A verifier for the Metamath Zero proof language.
README.md

What is this?

A verifier for Metamath Zero proof files.

short-term TODOs

  • Improve interface
  • Work on inline docs
  • Better errors/error-handling.
  • Redo the pos/idx counters for variables in the mmz parser so that they ignore dummy variables instead of compensating for them.
  • More tests. It would be cool to do some property-based testing, but it's not always easy to identify meaningful invariants.

Use

Invoke the binary, passing a relative path (like ./p_eq_np/proof.mmb) and an optional relative path to the mm0 file that sits at the top of the import graph. If no mm0 file is passed explicitly, the verifier will look for one in the same directory as the passed mmb file. You can optionally specify the number of threads to use with the flag -t <number> or --threads <number>.

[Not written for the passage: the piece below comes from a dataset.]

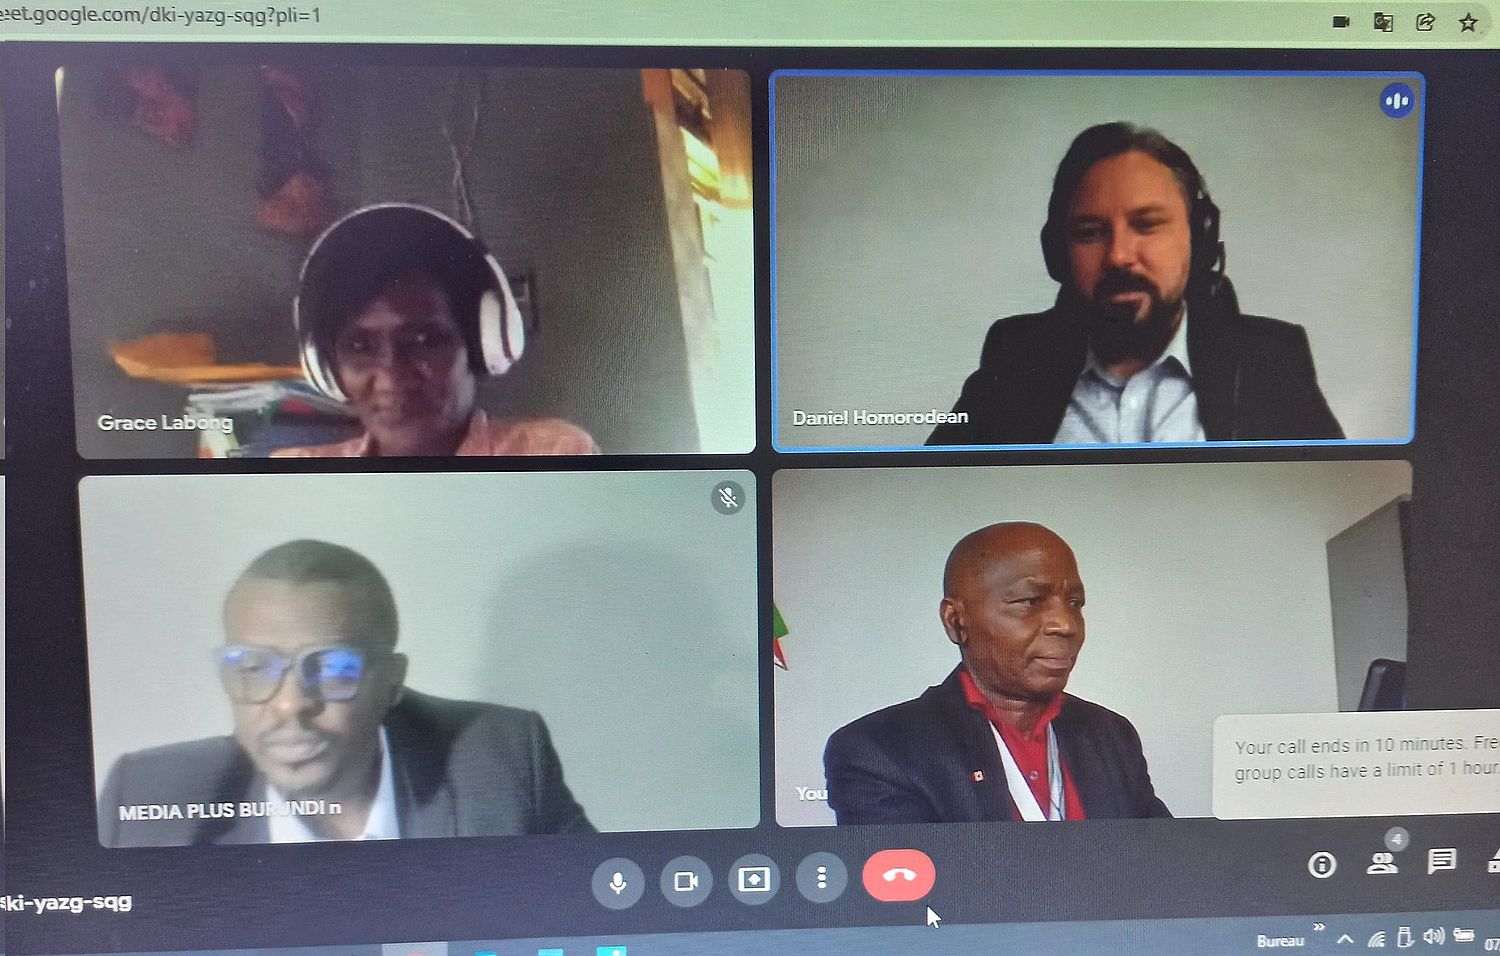 Screenshot of four people in an online meeting.

Just to clarify w.r.t. the imports: If we have an mm0 project p_eq_np in a directory which has some mm1 files, mm0 files, and some other stuff, where a.mm1 is the top-level file, importing b and c, compiling a.mm1 will produce a single mmb file.

├── my_machine/p_eq_np
    ├── a.mm0
    ├── b.mm0
    ├── c.mm0
    ├── a.mm1
    ├── b.mm1
    ├── c.mm1
    ├── README.md
    ├── ... other files in this directory ...

To run this verifier on your project using 4 threads, you would invoke ./second_opinion -t 4 ./a.mmb or ./second_opinion -t 4 ./a.mmb ./a.mm0.

The big picture

This verifier requires two kinds of files for verification.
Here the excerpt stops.